=== The input ===
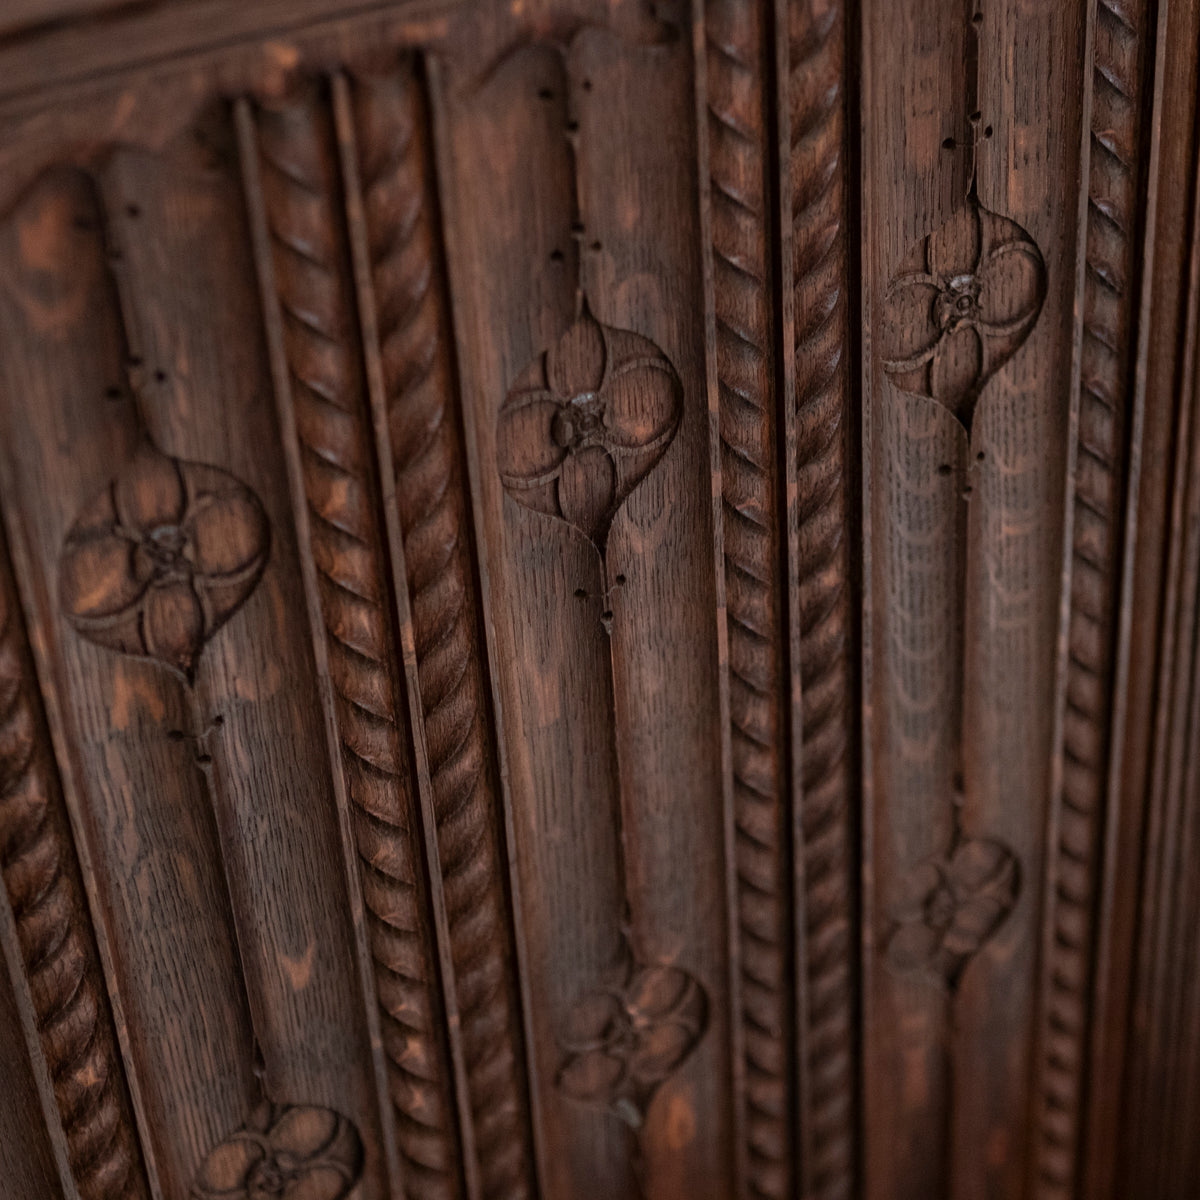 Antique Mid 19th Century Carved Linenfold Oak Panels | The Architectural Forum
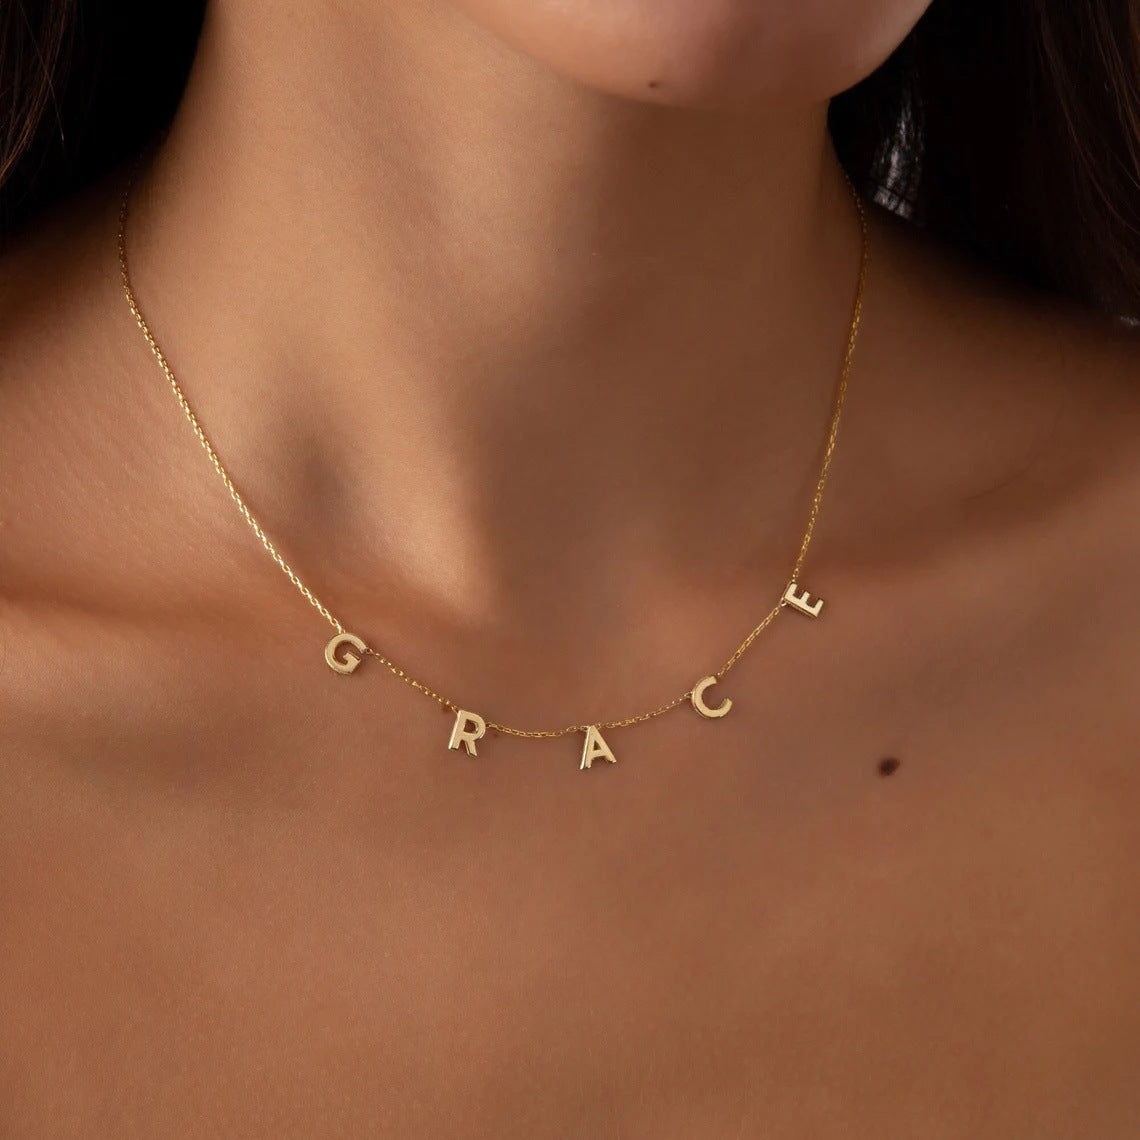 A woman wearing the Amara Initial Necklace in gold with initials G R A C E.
===
=== The input ===
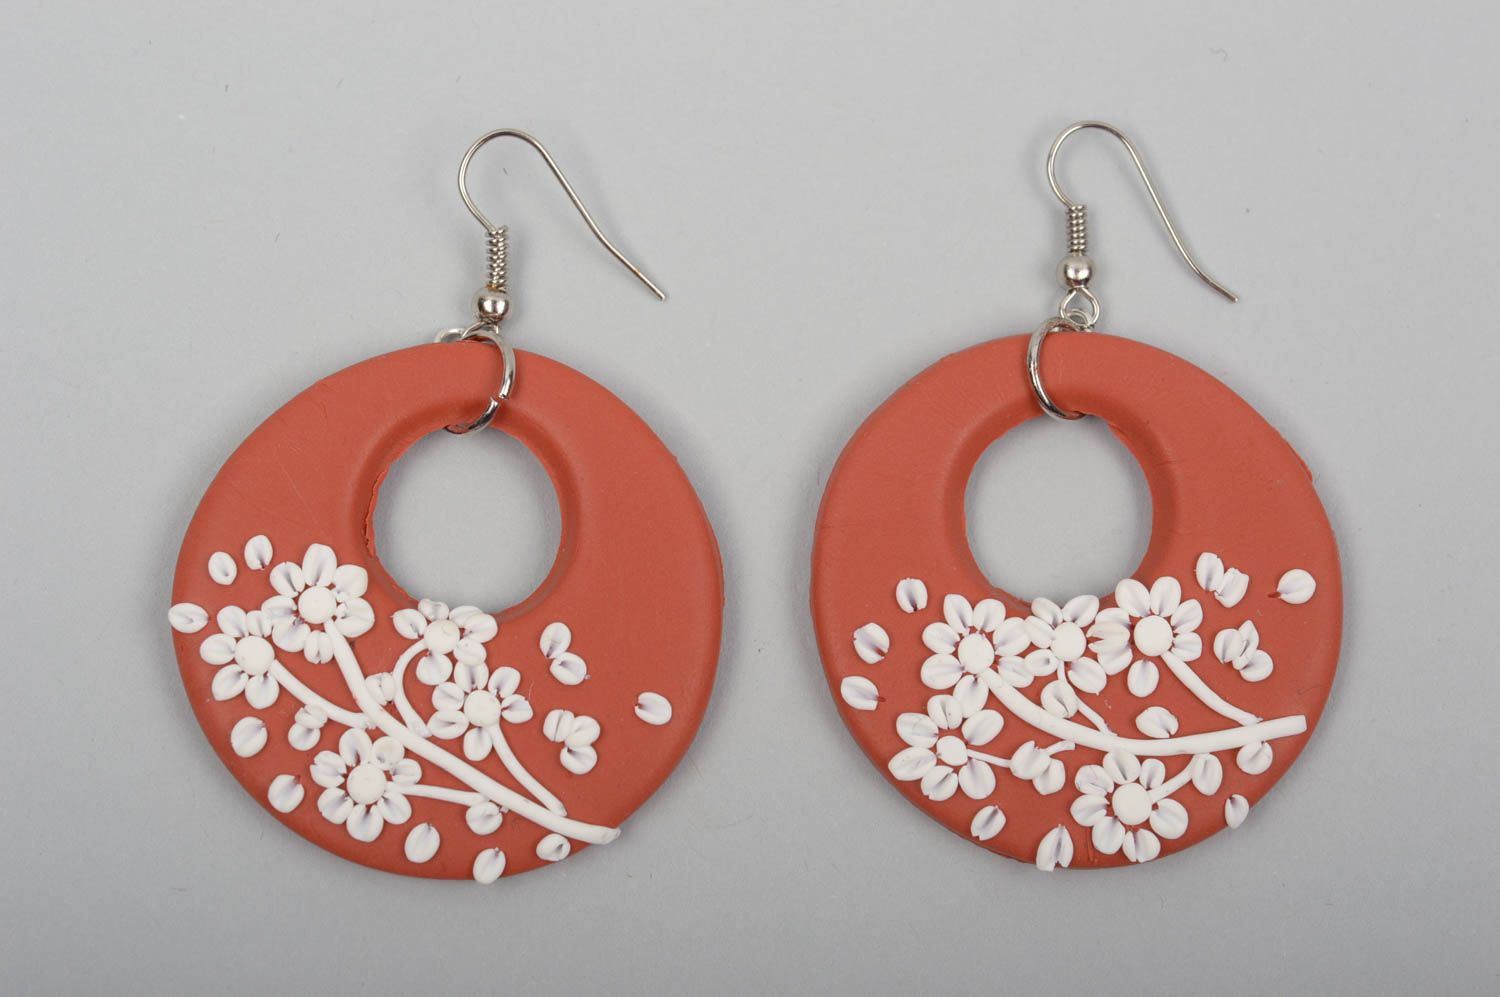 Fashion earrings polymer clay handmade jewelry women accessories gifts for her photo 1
===
Exercise brief
Using the data above, give again exactly the lines starting at the one holding "Antique Mid 19th" and ending at the one holding "A woman wearing", inclusive, and nothing more. Omit the pictures.

Answer to this task
 Antique Mid 19th Century Carved Linenfold Oak Panels | The Architectural Forum
 A woman wearing the Amara Initial Necklace in gold with initials G R A C E.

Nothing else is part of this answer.